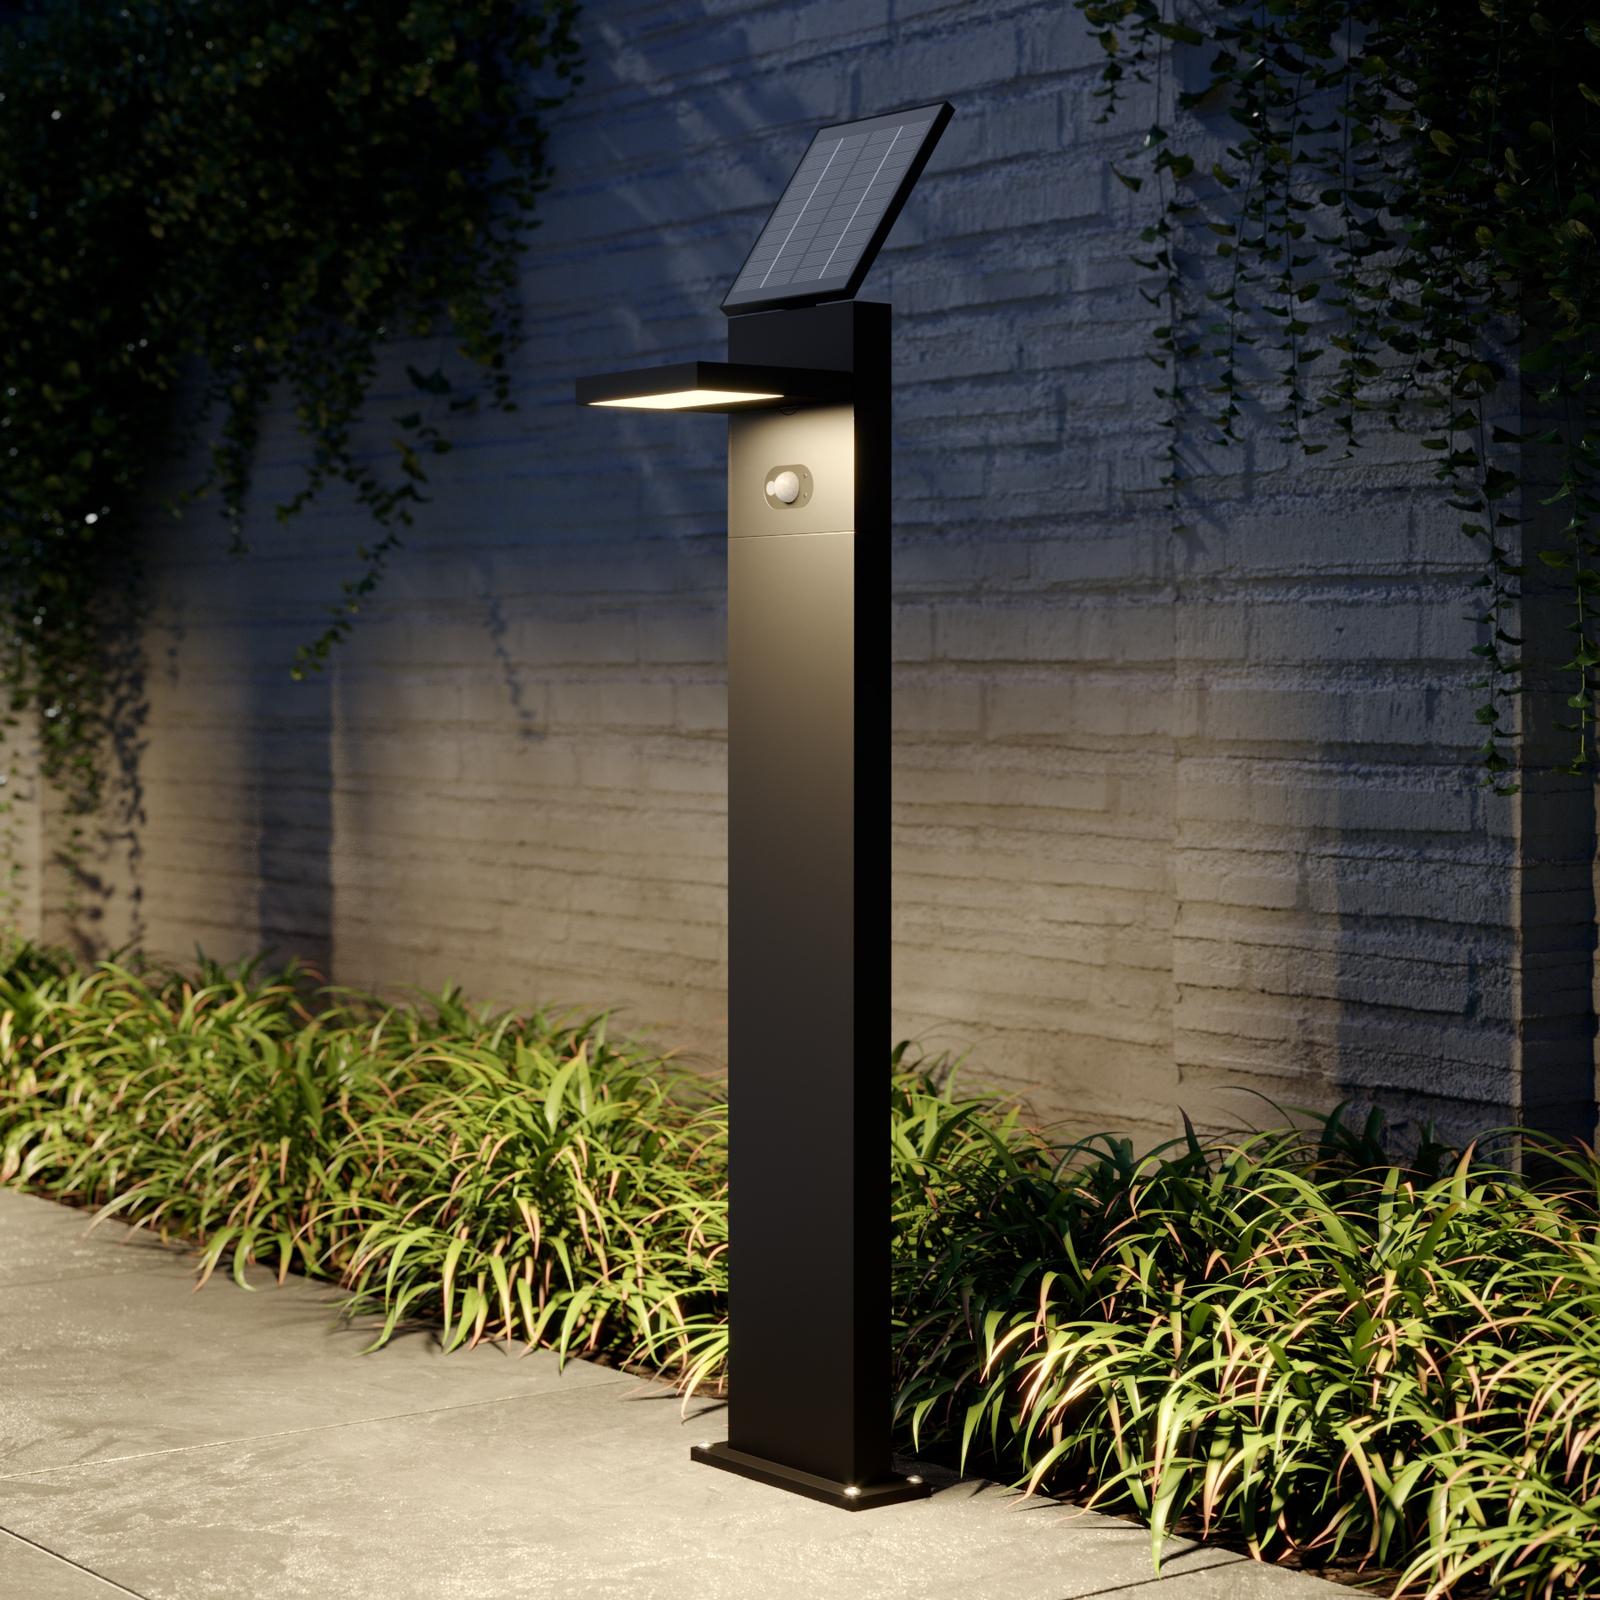 Solarny słupek oświetleniowy LED Silvan, 100 cm
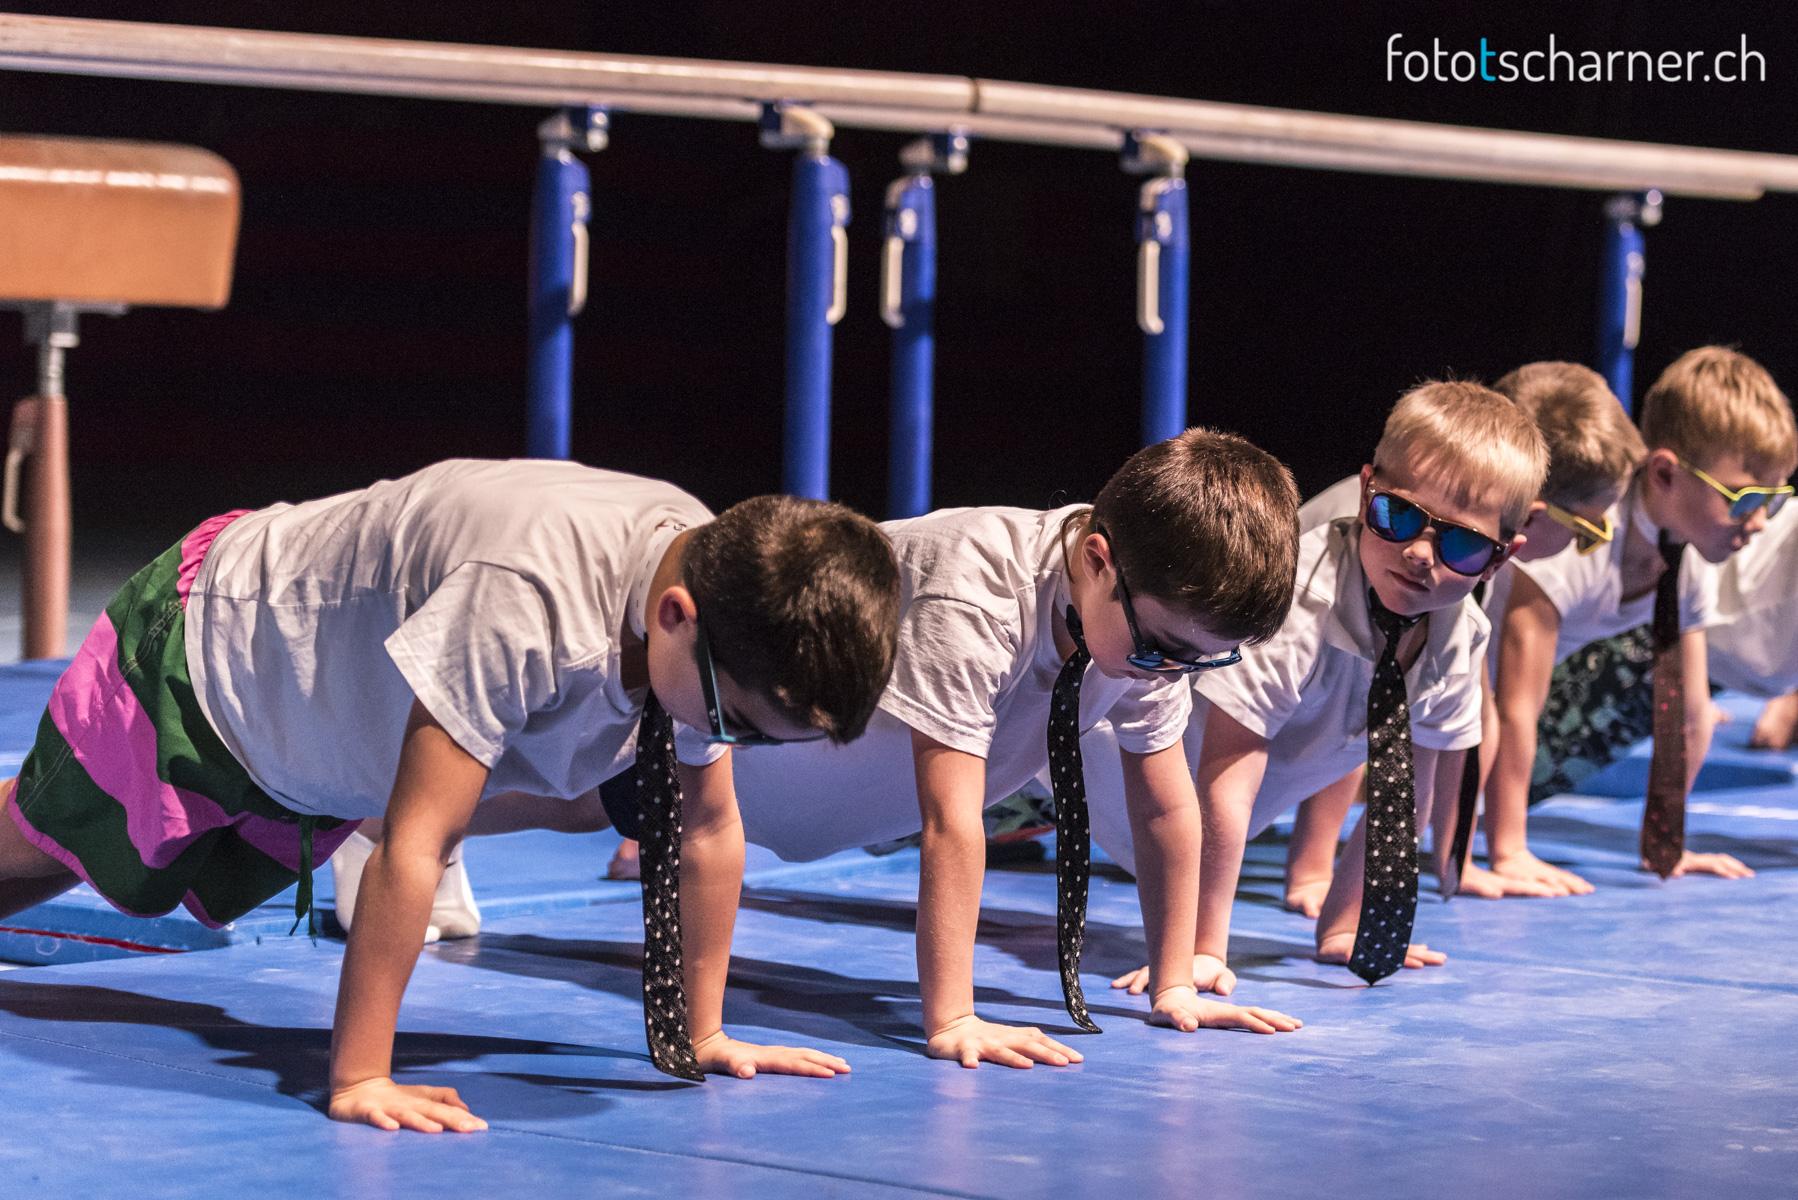 160116 1527 - Turnfabrik Show 2016 Frauenfeld -  - (c) Daniel Tscharner (_D813741)
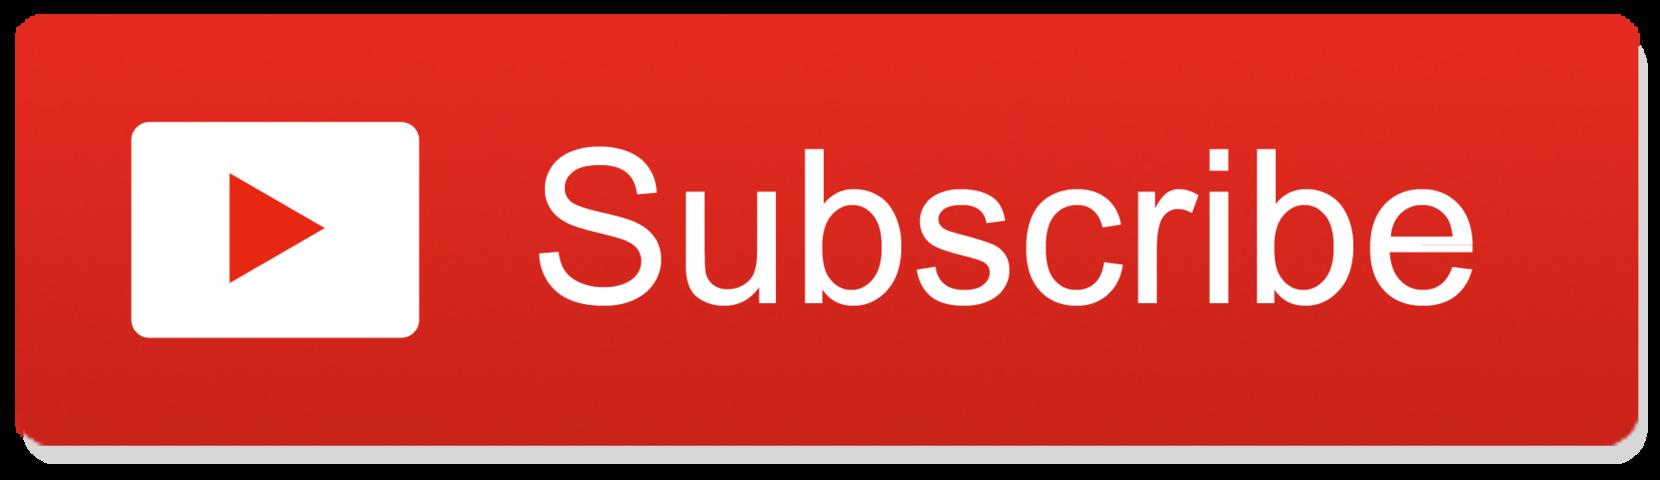 YouTube.com/ElShowDeTiburcio
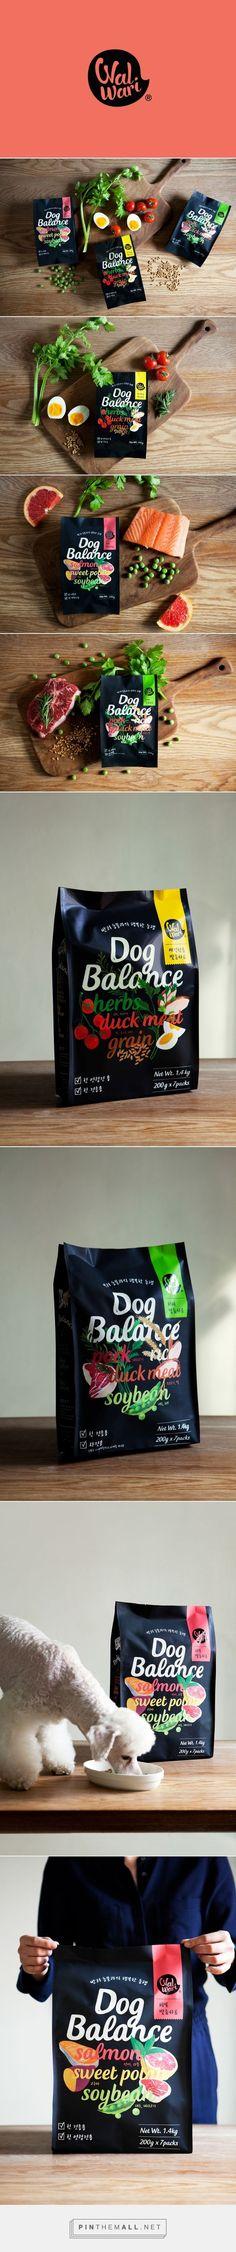 Dog Balance / pet food by Charry Jeon, Saerom Kang, ContentFormContext, KIWOONG HONG:
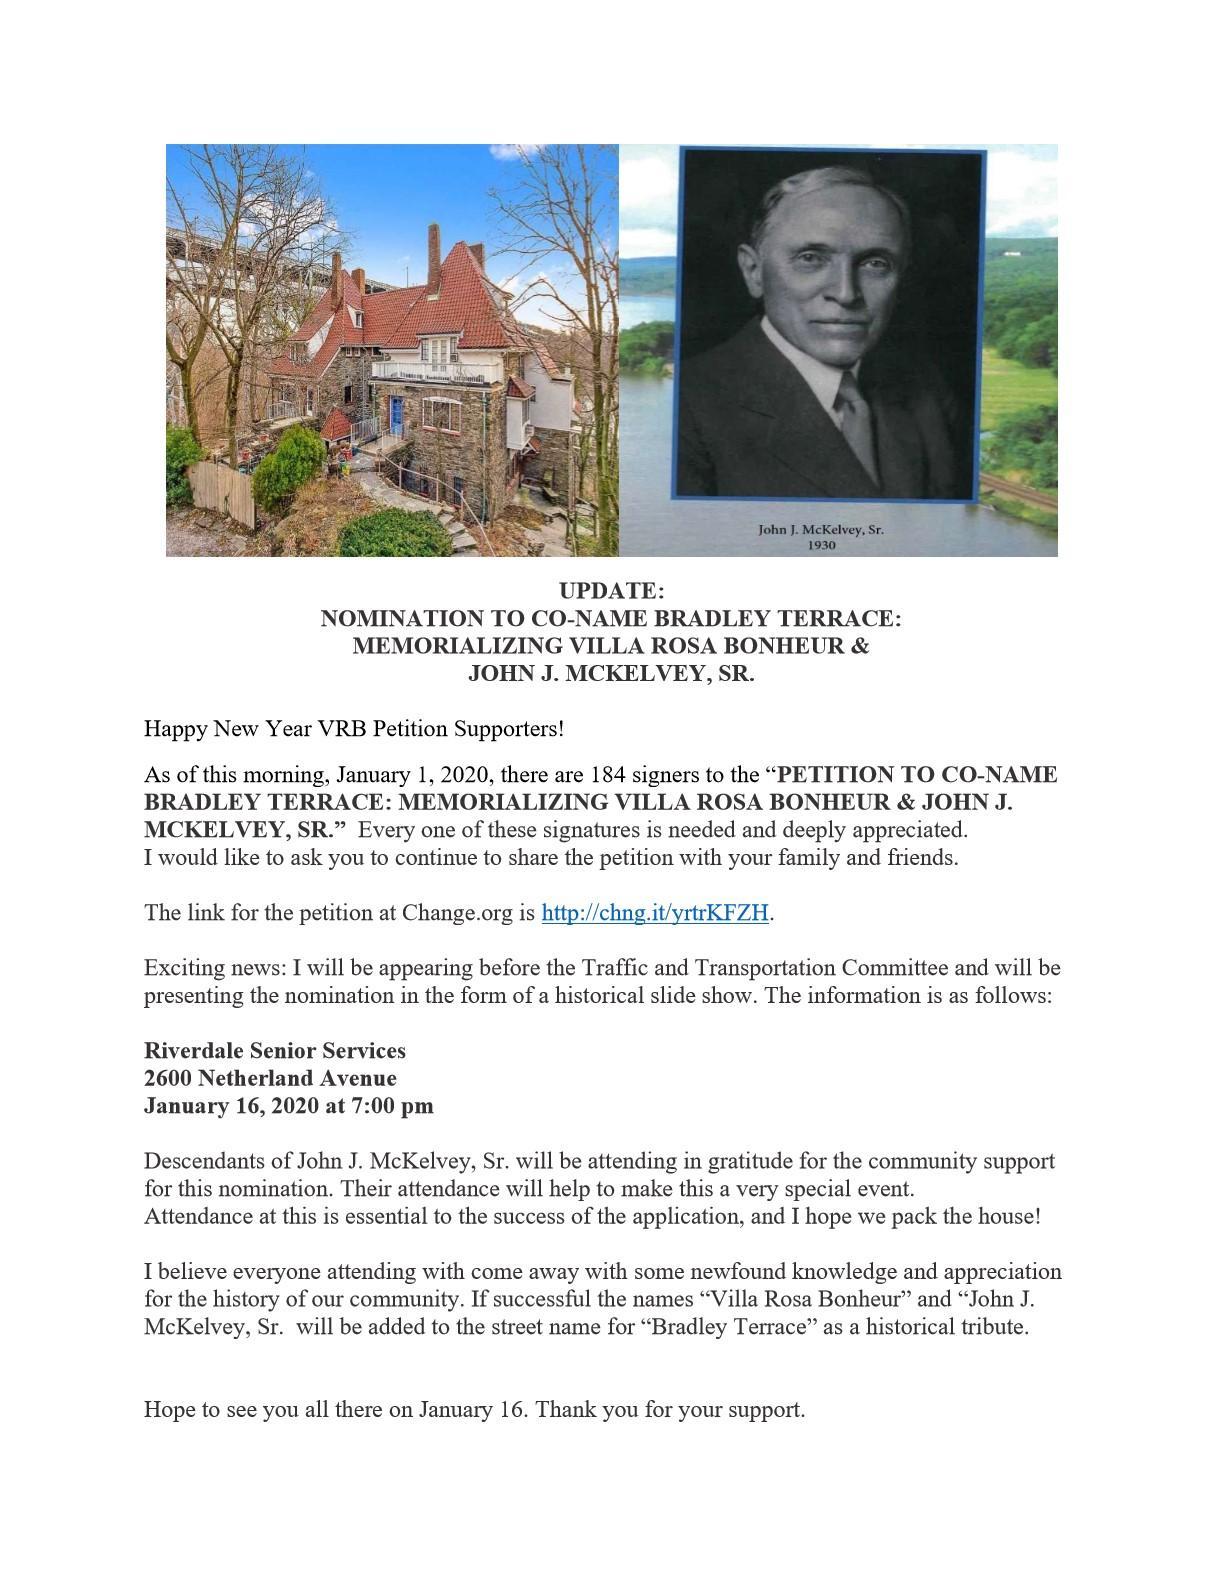 UPDATE:  NOMINATION TO CO-NAME BRADLEY TERRACE:  MEMORIALIZING VILLA ROSA BONHEUR &  JOHN J. MCKELVEY, SR.

========================================

→ **THE PROBLEM**
Print the material above exactly as it appears, but not its pictures.

→ **COMPLETED TASK**
 Solarny słupek oświetleniowy LED Silvan, 100 cm
 160116 1527 - Turnfabrik Show 2016 Frauenfeld -  - (c) Daniel Tscharner (_D813741)
 YouTube.com/ElShowDeTiburcio
 Dog Balance / pet food by Charry Jeon, Saerom Kang, ContentFormContext, KIWOONG HONG:
 UPDATE:  NOMINATION TO CO-NAME BRADLEY TERRACE:  MEMORIALIZING VILLA ROSA BONHEUR &  JOHN J. MCKELVEY, SR.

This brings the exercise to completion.